The first time I ever walked into a weight room was at 18. I was a freshman in college and the gym on campus was designed for women (I went to an all-girls college.) My roommate and I said lets go ride the bikes. That's where it all started. We would spend an hour on the bikes then get ready for our next class. This wasn't a sweat inducing workout at all...I mean we texted and watched TV the whole time. Then one day I went in and it was empty; just me. So instead of getting on the bike I decided to do some basic crunches and free weight squats. This is where my love for the gym come in. College was stressful enough, with 2 jobs it was almost unbearable. So to get some "me" time and release some stress, I would hit the gym. I would go at 1AM when I finished my last shift or get up at 5AM to make it to the gym before the day started. I loved it. I think I would have been less relaxed if the gym had been co-ed. I know even my first time stepping into a gym with men there was intimidating and I had been lifting over a year at that point. When I moved to Iowa, my love for lifting only grew stronger. I still love going into the gym. Pushing myself beyond what I think I can do will never get old and seeing how much my body has changed in just a few years is astonishing.

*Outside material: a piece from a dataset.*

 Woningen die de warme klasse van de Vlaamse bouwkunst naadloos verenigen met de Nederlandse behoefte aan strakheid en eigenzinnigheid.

But a girl can't just lift right? So what was my next big adventure in this fitness journey?
What have I been missing for 19 years of my life. Why didn't anybody tell me how perfect running is? It's a shame I went so long without knowing what it feels like to be in the moment of pure bliss. This is how I feel when I run. Where did this start you may ask? Well one cold rainy morning, I set my alarm earlier than usual. For whatever reason, I rolled out of bed, put on the only pair of tennis shoes I had and hit the door.

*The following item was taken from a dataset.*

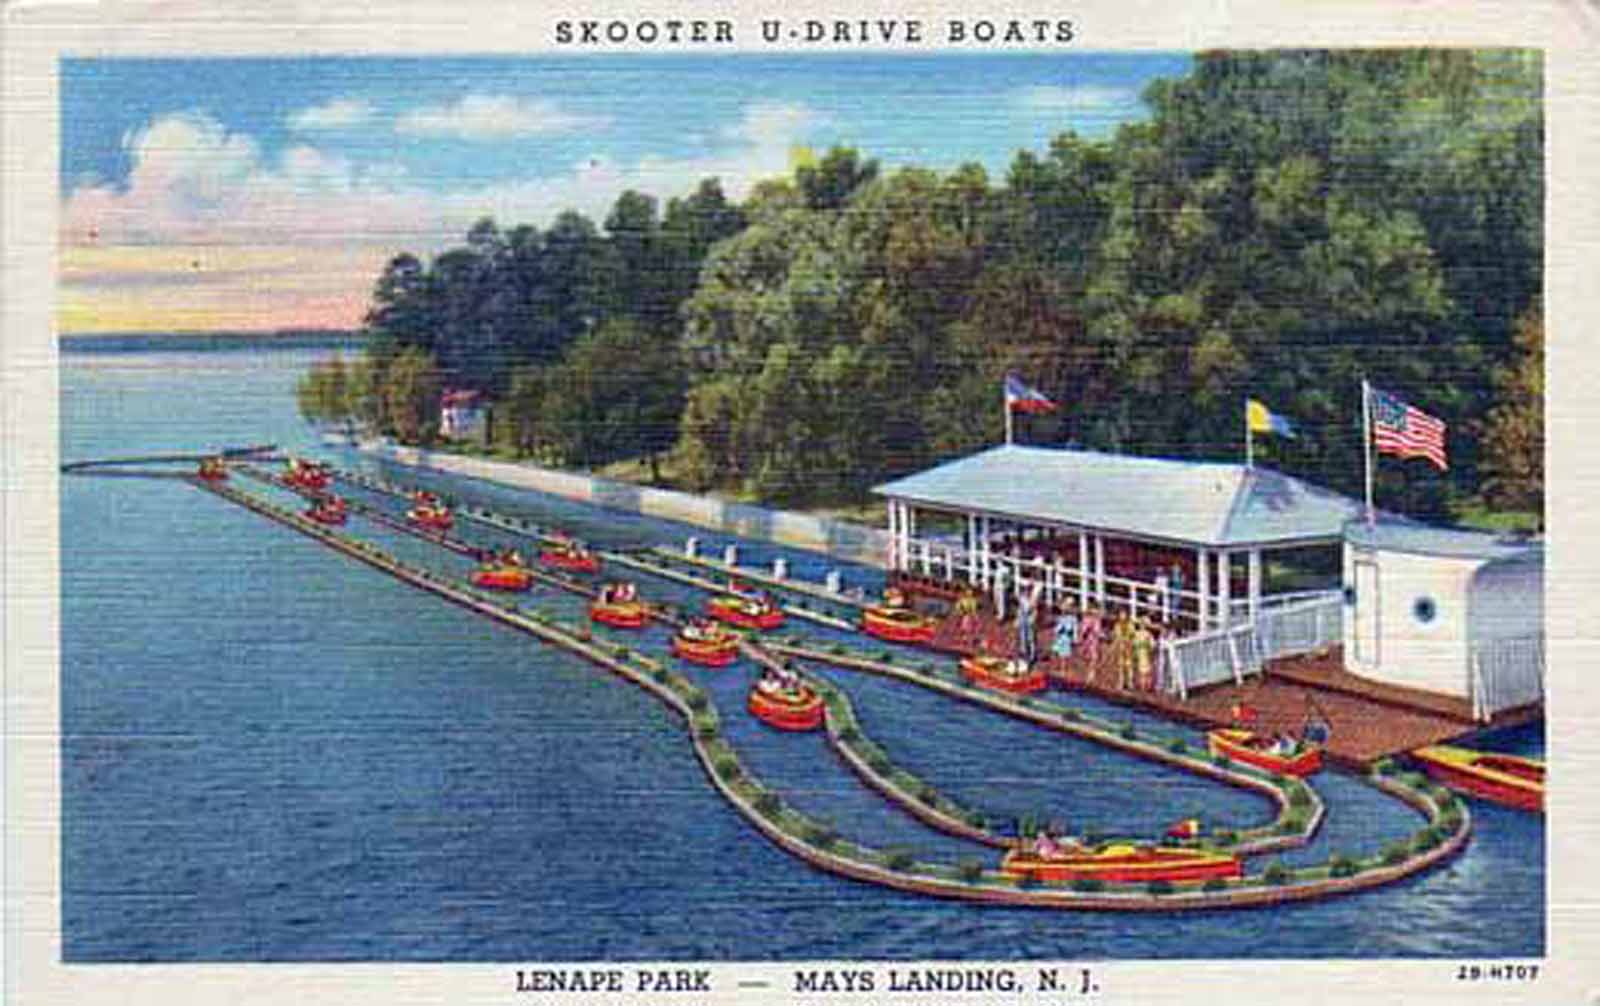 Mays Landing - Scooter Boats Ride at Lake Lenape Park

Ok so we have weight lifting, running....what else can you do? What more do you want to put your body through? This last thing is my reward to my body. It is my way of saying thank you for all that you have do and will do. This wonderful thing I'm talking about it yoga. I remember the very first time I stepped into the only hot yoga studio in Cedar Falls IA. My friend had asked me to join her for a yoga class. Why not? I had always done light stretching for lifting and running but an actual class. What could it hurt? Plus the 1st time was free...so I wasn't losing anything if I didn't like it. What my friend had failed to mention was I would be in what felt like a 2x4 box with other people in a 105 degree room. I was shocked and thought "OH HELL NO!" Little did I know that I would find more peace within myself in that one hour that I have ever in my life. I felt every ounce of stress, pain and worry melt off my skin just like butter...because I know butter would melt in that room really fast! :)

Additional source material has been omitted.